ここまでのアドバイスが一つも奏功しなかった場合には、なんらかの意見を与えることを検討してもよいだろう。こちらをイライラさせるものが何であれ、それはその同僚の職業人としての前進を何度も阻むことになるものでもある。

「自分が人にどう思われているかをその同僚が知っていると決めつけてはならない」と、サットンは言う。あらゆる点について相手を罵倒してはならない。相手がコントロールできる行動に的を絞って、それがこちらの集中力や、ともに取り組んでいる仕事にどのような影響を及ぼしているかを説明しよう。こちらの所見を慎重に伝えれば、相手が自己認識を深め、職場でより有用な人材になる手助けをすることになるかもしれない。
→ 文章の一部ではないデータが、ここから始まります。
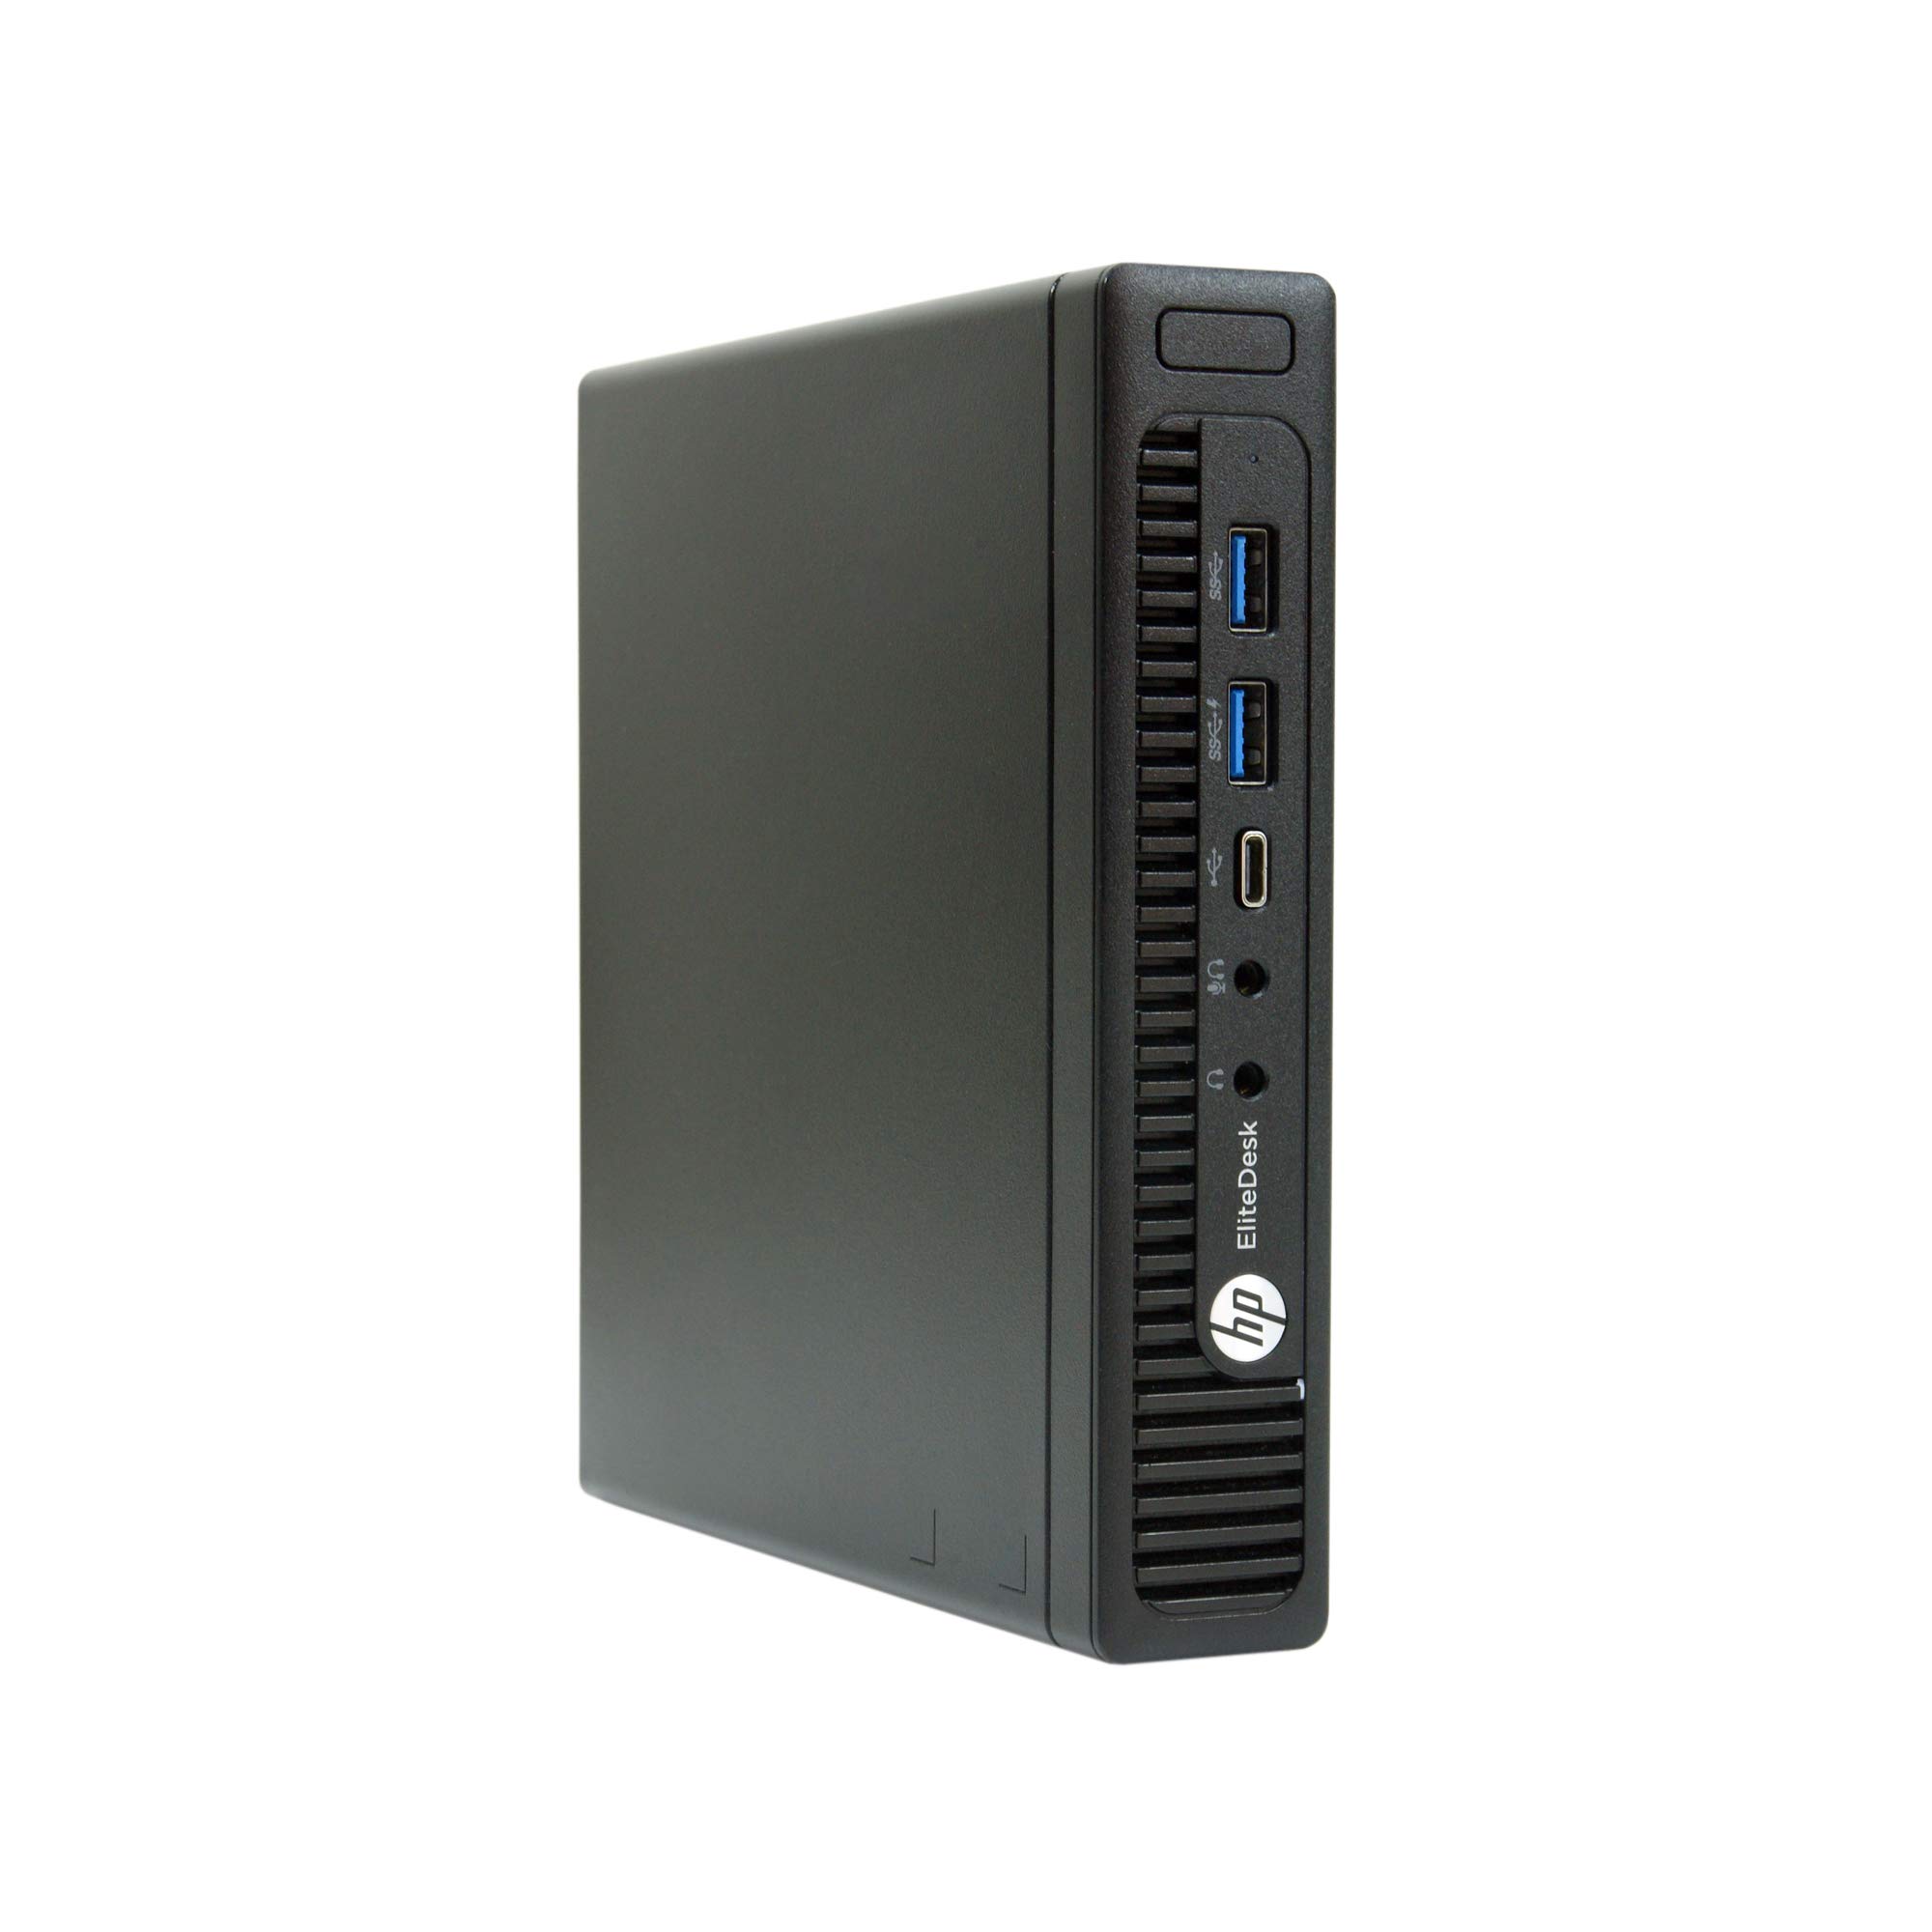 HP EliteDesk 800 G2 - Mini Desktop, Core i5 6500T 2.5 GHz, 16GB RAM, 480GB Solid State Drive, Windows 10 Pro 64bit, (Renewed)

だが、くれぐれも慎重に。意見を言うべきか否かは「こちらがどれほど巧みなコミュニケーターで、相手がどれほど受容力のある人間かによる」と、ゴールマンは言う。その同僚が人の意見に耳を傾けるタイプだと思われ、仕事に絞った節度ある会話ができるという自信が自分にある場合は、やんわりとフィードバックを与えよう。だが、同僚が逆上したり根に持ったりするタイプかもしれない場合は、リスクをおかしてはならない。「相手があなたの意見を個人攻撃と受け取って、問題がエスカレートする危険性がある」と、ゴールマンは言う。自分自身も人からの意見に耳を傾ける必要がある。こちらが同僚を嫌いなときは、相手もこちらを嫌っている可能性が高いのだ。

すべてがお手上げの状況なら、「感情にとらわれないという技を実践しよう」と、サットンは勧めている。「その同僚が苦痛を与える存在であっても、自分が苦痛を感じなければ、なんの問題もない」と、ゴールマンは説く。このような認知の枠組み変換は、自分にはほとんど、もしくはまったく制御できない状況では効果的な場合がある。